We quantified the amount of DNA from all the libraries with the KAPA Library Quantification Kit, and mixed 250, 500, 2k, 6k, 15k bp genomic DNA, pupal RNA-seq and adult RNA-seq libraries at relative molar concentration 40:20:8:4:3:20:10 to get the final library. The final library was sent to the genomics core facility at UT Southwestern Medical Center for 150 bp paired-end sequencing on Illumina HiSeq2000. The sequencing reads to assemble the genome have been deposited in NCBI SRA database under accession numbers: SRR2089769- SRR2089775. The sequencing reads to assemble the transcriptomes have been deposited at the same database under accession numbers: SRR2089776 and SRR2089777.
We removed sequencing reads that did not pass the Illumina purity filter and classified the remainder according to their TruSeq adapter indices. Mate pair libraries were processed by the Delox script  to remove the LoxP sequences and to separate true mate pair from paired-end reads. All reads were processed by mirabait  to remove contamination from the TruSeq adapters, fastq_quality_trimmer (from FASTX_TOOLKIT, http://hannonlab.cshl.edu/fastx_toolkit/) to remove low quality portions at both ends, JELLYFISH  to obtain k-mer frequencies in all the libraries, and QUAKE  to correct sequencing errors (Additional file 7: Table S1). The data processing resulted in nine libraries that were supplied to Platanus  for genome assembly: 250 and 500 bp paired-end libraries, three paired-end and three mate pair libraries from 2, 6 to 15 kb libraries and a single-end library containing all reads whose pairs were removed in the process.
We mapped these reads to the initial assembly with Bowtie2  and calculated the coverage of each scaffold with the help of SAMtools . Many short scaffolds in the assembly showed coverage that was about half of the expected value, which likely resulted from highly heterozygous regions that were not merged to the equivalent segments in the homologous chromosomes. We merged them into other scaffolds if they could be fully aligned (coverage > 90 % and uncovered region < 500 bp) to another significantly less covered region in a longer scaffold with high sequence identity (>95 %). Similar problems occurred in the Heliconius melpomene and Papilio glaucus genome projects, and similar strategies were used to improve the assemblies [1, 16].
After removing contamination from TruSeq adapters and the low quality portion of the reads using the methods mentioned above, we applied three methods to assemble the transcriptomes: (1) de novo assembly by Trinity , (2) reference-based assembly by TopHat  (v2.0.10) and Cufflinks  (v2.2.1), and (3) reference-guided assembly by Trinity. The results from all three methods were then integrated by Program to Assemble Spliced Alignment (PASA) .

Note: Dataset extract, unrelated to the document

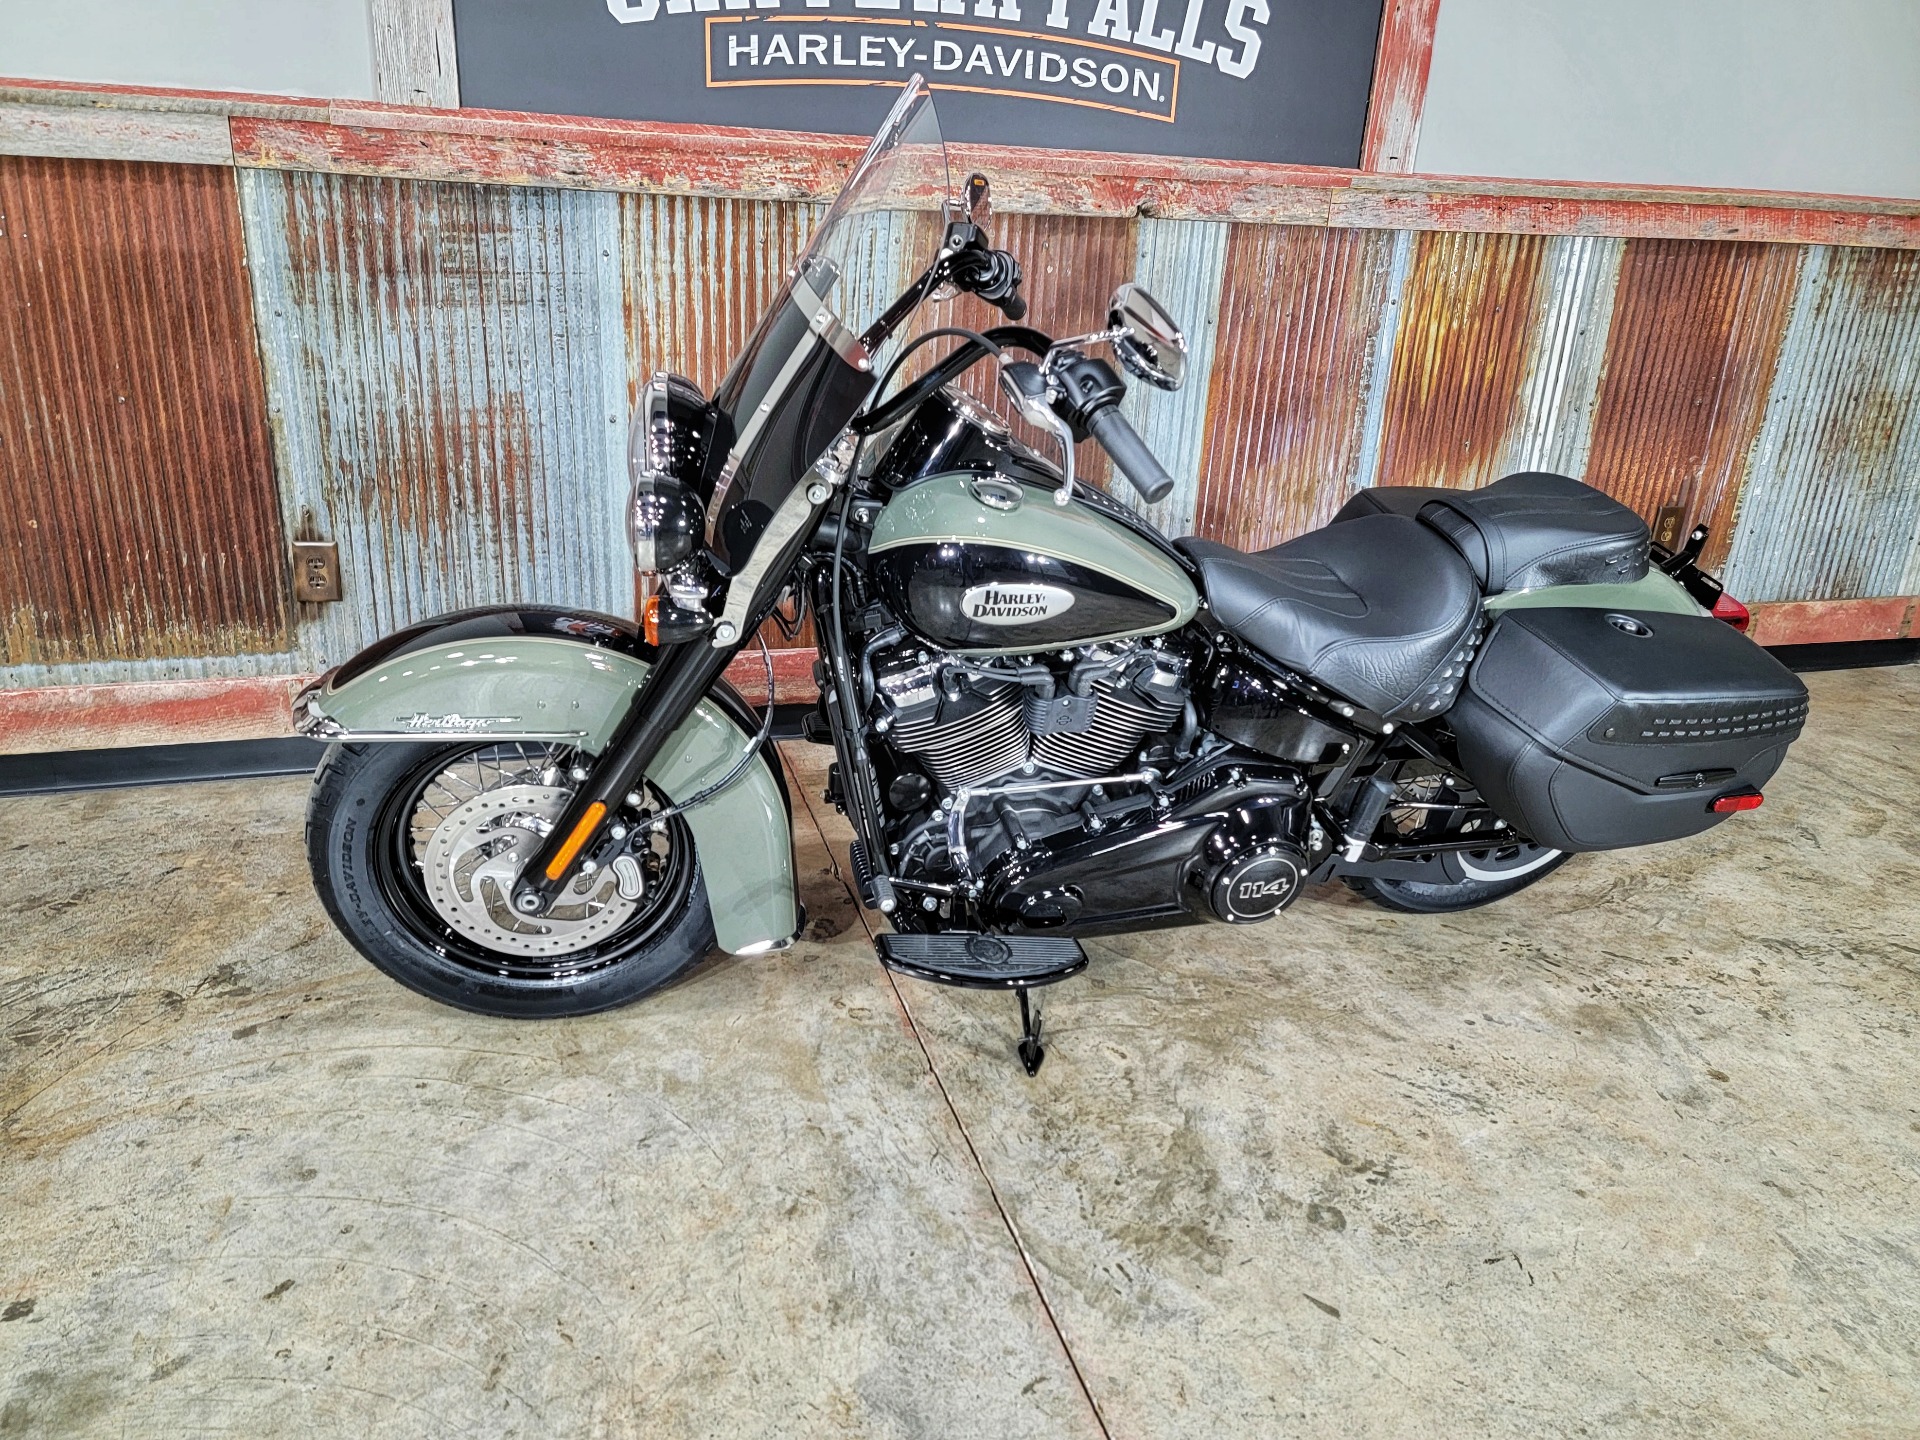 New 2021 Harley Davidson Heritage Classic 114 Deadwood Green Vivid Black Motorcycles In Chippewa Falls Wi Fx035431

Identification of repeats and gene annotation
Two approaches were used to identify repeats in Lac genome: the RepeatModeler  pipeline and in-house scripts that extracted regions with coverage 4 times higher than expected. These repeats were submitted to the CENSOR  server to assign them to the repeat classification hierarchy. The species-specific repeat library and repeats classified in RepBase  (V18.12) were used to detect repeats in the genome by RepeatMasker .
From the transcripts of both specimens in the pupal and adult stages, we obtained two sets of transcript-based annotations from two pipelines: TopHat followed by Cufflinks and Trinity followed by PASA. In addition, we obtained five sets of homology-based annotations by aligning protein sets from Drosophila melanogaster  and four published Lepidoptera genomes to the Lac genome with exonerate . Proteins from the entire UniRef90  database were used to generate another set of gene predictions by genblastG . We manually curated and selected 1427 confident gene models by integrating the evidence from transcripts and homologs to train de novo gene predictors: AUGUSTUS , SNAP  and GlimmerHMM . These trained predictors, the self-trained Genemark  and a consensus based pipeline, Maker  were used to generate another five sets of gene models. Transcript-based and homology-based annotations were supplied to AUGUSTUS, SNAP and Maker to boost their performance. In total, we generated 15 sets of gene predictions and integrated them with EvidenceModeller  to generate the final gene models.
We predicted the function of Lac proteins by transferring annotations and GO-terms from the closest BLAST  hits (E-value < 10−5) in both the Swissprot  database and Flybase . Finally, we performed InterproScan  to identify conserved protein domains and functional motifs, to predict coiled coils, transmembrane helices and signal peptides, to detect homologous 3D structures, to assign Lac proteins to protein families and to map them to metabolic pathways.
Assembly quality assessment and comparison to other Lepidoptera genomes
We obtained the most recent versions of other published Lepidoptera genomes, including Bombyx mori, Danaus plexippus, Heliconius melpomene, Melitaea cinxia, Papilio glaucus, and Plutella xylostella [1–3, 12–17]. Using the criteria applied in the Monarch butterfly genome paper , we estimated the completeness of these genomes based on their coverage of independently obtained transcripts, CEGMA  genes and the Cytoplasmic Ribosomal Proteins.
We compared various properties of these published genomes and clustered the proteins annotated in them using OrthoMCL . We identified the Hox genes using homeodomains from Drosophila in the HomeoDB  as reference, and relationship among them were detected using a phylogenetic tree built by RAxML  with automatically selected model on the MAFFT  alignment. Starting from the annotated odorant receptors from the Bmo, Hme and Dpl genomes, we identified all the odorant receptors in the annotated protein sets from these Lepidoptera genomes using reciprocal BLAST. Odorant receptors encoded by the genome but missed in the protein sets were predicted with the help of genblastG. All the candidates identified by the automatic programs were further curated to remove short fragments (<200 aa) and false positive hits that do not detect odorant receptors as the top hit in a BLAST search against Flybase entries. Sequences of these odorant receptors were compared and clustered using CLANS .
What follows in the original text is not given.